Growing up in Gimli, MB (the home of the festival) and being Icelandic, the story of the settlers coming over from Iceland in the mid-1800s has always been a part of my being.  Both sets of grandparents spoke Icelandic fluently and I grew up hearing it.; at Christmas, there was never a shortage of pönnukökur or vinatarta, and we were always in town for the festival (but usually working for most of it, being a local and all).

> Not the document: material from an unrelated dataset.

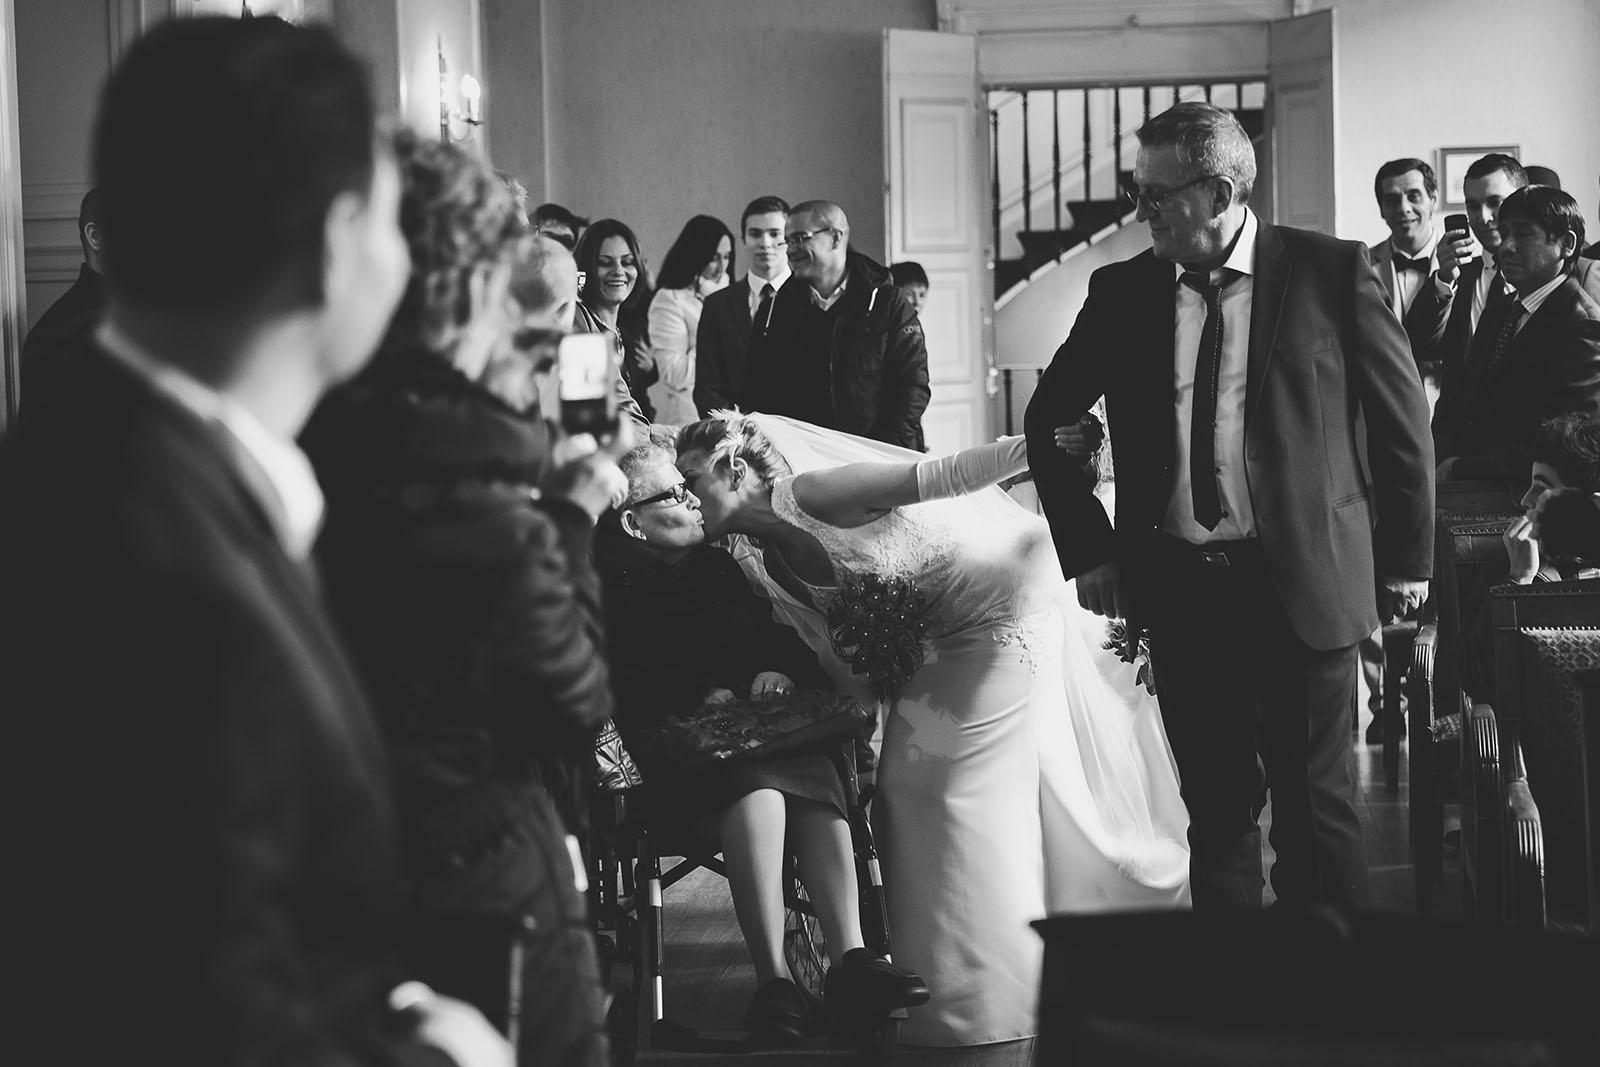 Mariage des souvenirs à transmettre de génération en génération. L'émotion de la mariée qui embrasse sa mamie. David Pommier photographe de mariage Moulins Allier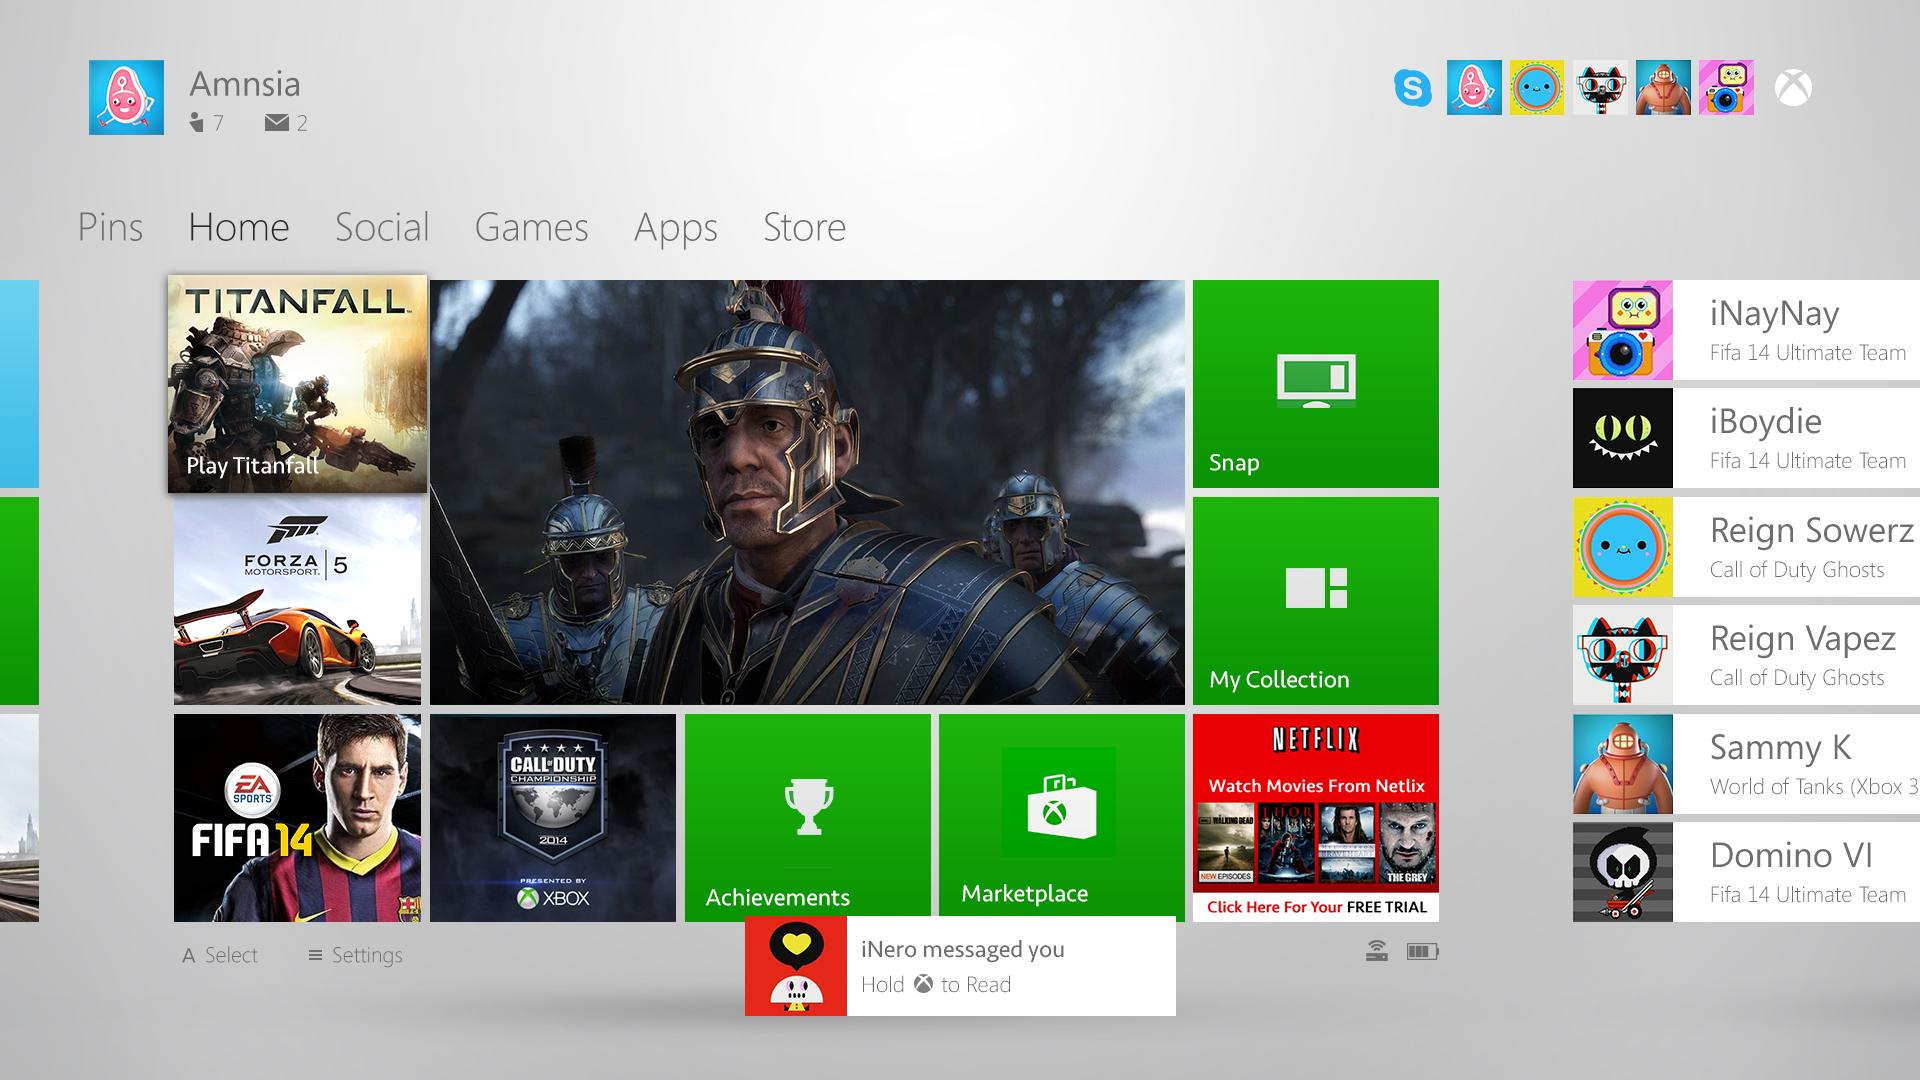 Xbox One Dashboard Concept By JonnyBurgon On DeviantArt

When I was approached by Janice Arnason to compose a piece for the 125th, I was elated.  Janice was last year’s president of the festival as well as my elementary music teacher, piano teacher, and Grade 6 LA/SS teacher – this is how small towns work 🙂 Anyway, I feel immense gratitude that she would ask me to commit something so important and meaningful to the culture of our town.  Even though I’ve worked games for some pretty big franchises, I only have three things published for actual ensembles of live human beings, so I’m still a bit green to professional writing, if you look at it objectively.

But that’s part of growth: If you work really hard, do good work, and are an easy person to work with, people you respect will take risks on you.  This is how it works – someone needs to take a risk on you, and the beauty of a small town is that it’s easy to take a calculated risk because the people you respect have known you your entire life.

In short, I am grateful.  To some degree, I am also lucky, but working hard can help you load the dice.  Like measured risk, it’s measured luck, but I am always grateful when it actually works out 🙂

I’ll post more about the process later on!